Celle-ci avait fortement diminué entre les années 1950 et 1968,
simplement sous l'effet de la croissance intérieure. Ensuite, le
programme mis en place par
Johnson eut pour effet
de faire redémarrer la pauvreté : il encourage
d'autres que les bénéficiaires visés à se mettre dans les dispositions
les rendant admissibles aux prestations : si les pauvres sont
aidés, il y aura davantage de gens qui s'arrangeront pour être pauvres. MURRAY conclut que la guerre contre la pauvreté est devenue un
Vietnam intérieur Il faut admettre que
les bonnes intentions et la générosité ne remplacent pas un bon
système de responsabilité et d'assurance. Il convient de réhabiliter trois prémisses de sagesse populaire qu'on avait refoulées : 1. Les individus répondent aux incitations et "désincitations". La carotte et le bâton fonctionnent. 2. Les individus ne sont pas par nature travailleurs ou moraux. En l'absence d'influences contraires, ils éviteront le travail et se montreront amoraux. 3. Les individus doivent
répondre de leurs actions. Si la société doit fonctionner, il importe
peu de savoir s'ils sont vraiment responsables dans un sens philosophique
ou biochimique ultime. En oubliant ces trois
vérités, on doit péniblement réapprendre qu'il
peut y avoir trop d'aide aux pauvres en ce sens que les programmes
étatiques produisent, sur plusieurs générations, une croissance
nette de la pauvreté. Responsabilité
contre droits acquis Après une expérience
de plusieurs décennies d'assurances sociales, le bilan est donc
globalement "sombre". La raison en est bien
simple : on ne peut ignorer les responsabilités individuelles. Avant la générosité, chacun doit se demander ce qu'il peut faire pour
améliorer son sort, même si celui-ci n'est pas en faute. Les assurances sociales
ont été inventées par des réformateurs pressés qui ont mis la charrue
avant les bœufs : la croissance économique est de nature à pourvoir
une meilleure garantie pour les individus, mais vouloir tout garantir
avant que la croissance ait fait son oeuvre est une erreur qui se
paie cher. Nous sommes pourtant
dans cette situation, nous subissons cet héritage. Peut-on espérer
en sortir ? Mettre soudainement les gens devant leurs responsabilités
et les priver de l'État Providence brutalement est impensable. Nous
sommes pris dans le paradoxe
des droits acquis. C'est la tyrannie du statu quo. Il faut donc faire les choses progressivement. Une première étape consiste à améliorer les systèmes de protection sociale en brisant leur caractère monopolistique et bureaucratique. La mise en concurrence et la privatisation seraient d'un précieux secours ici.
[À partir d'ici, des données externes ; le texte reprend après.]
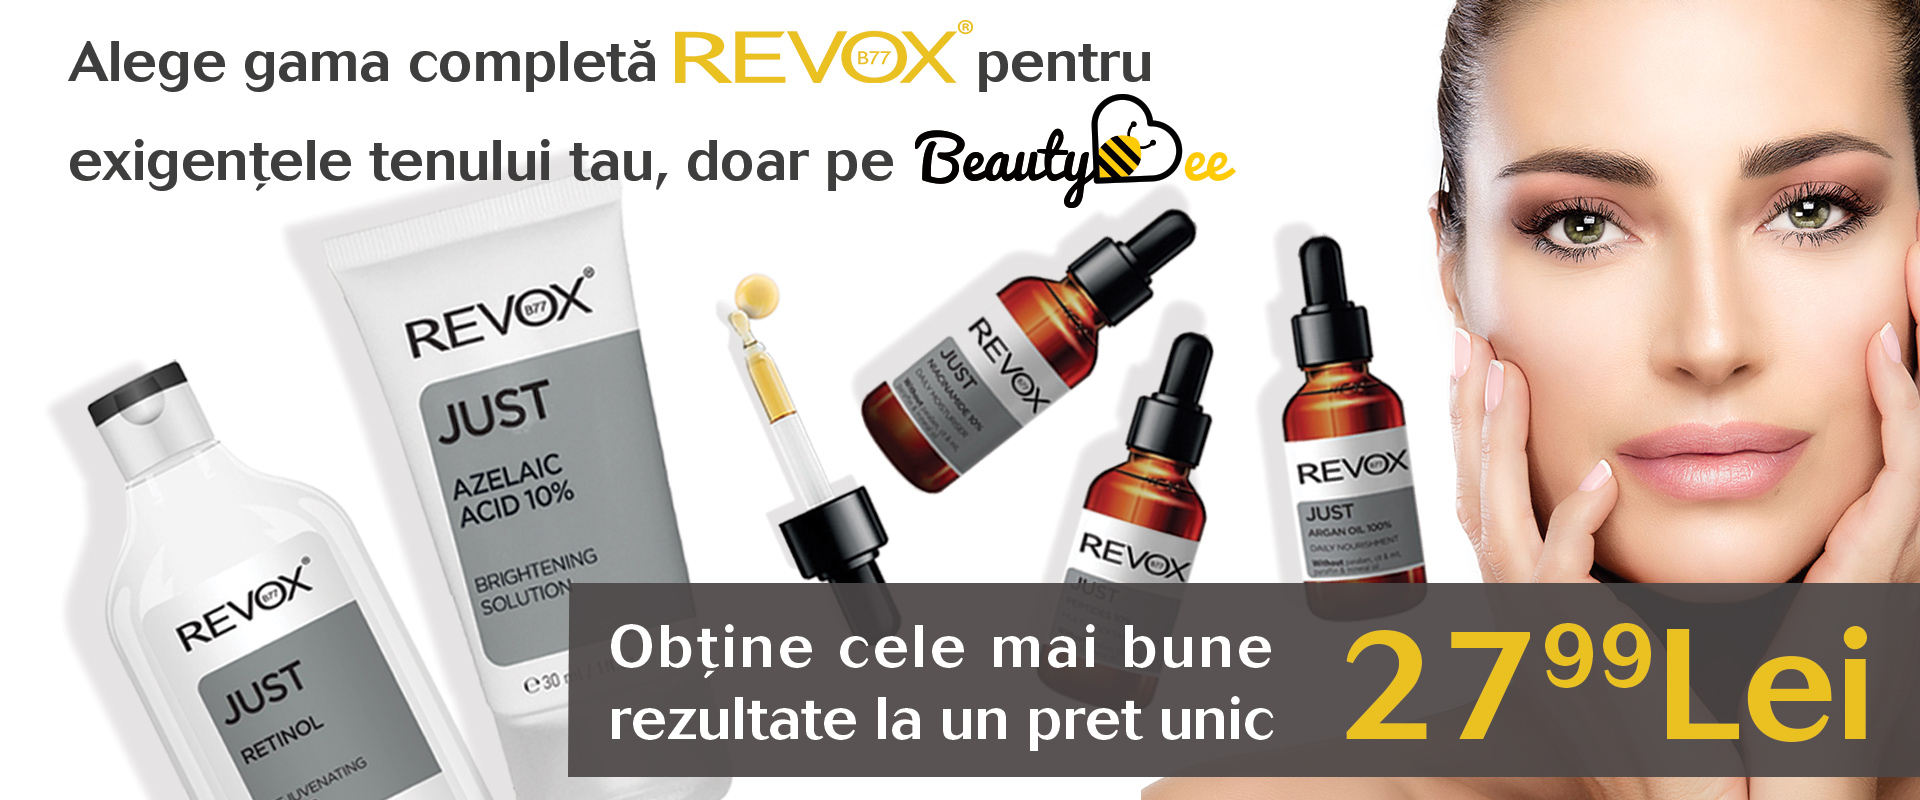 Vezi toate produsele REVOX.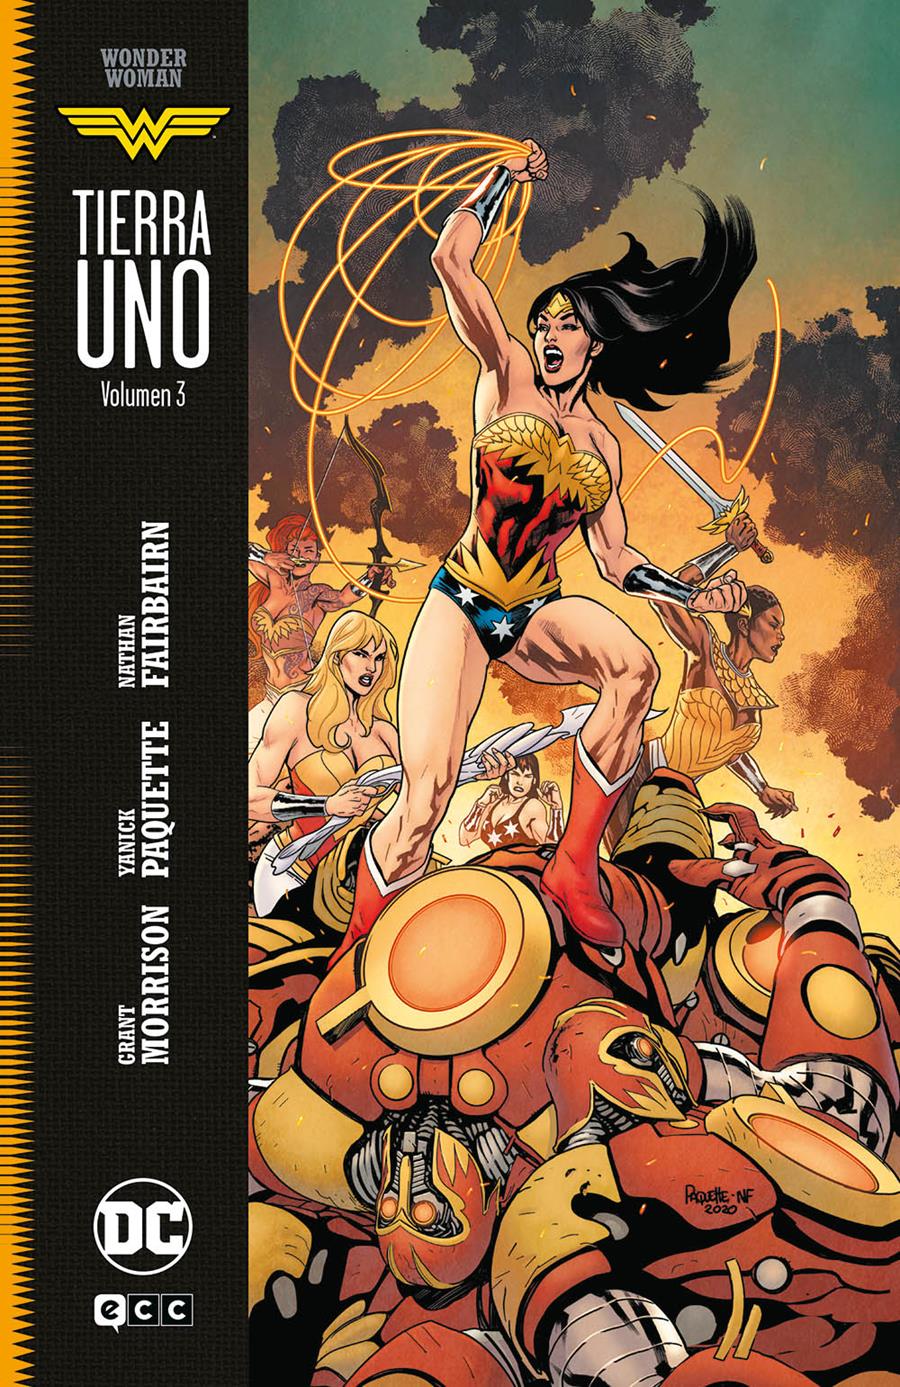 Wonder Woman: Tierra uno vol. 03 | N0721-ECC20 | Grant Morrison / Nathan Fairbairn / Yanick Paquette | Terra de Còmic - Tu tienda de cómics online especializada en cómics, manga y merchandising

Pourtant, la grande réforme est celle de renvoyer l'État à ses missions fondamentales et de rendre au mécanisme des assurances sa vocation à gérer la protection contre la plupart des risques encourus aujourd'hui dans une économie riche en plein développement. * Cet article, paru dans le numéro d’octobre 1993 de la Revue des études Humaines (pp. 23-29), est une synthèse d’un travail publié dans un Journal des Economistes et des Etudes Humaines de 1993 (Vol. 4, N°1, pp. 135-157). Les passages en italiques sont repris du texte de ce Journal des Economistes et des Etudes Humaines. ° Professeur à la Faculté de droit. Université de Montréal.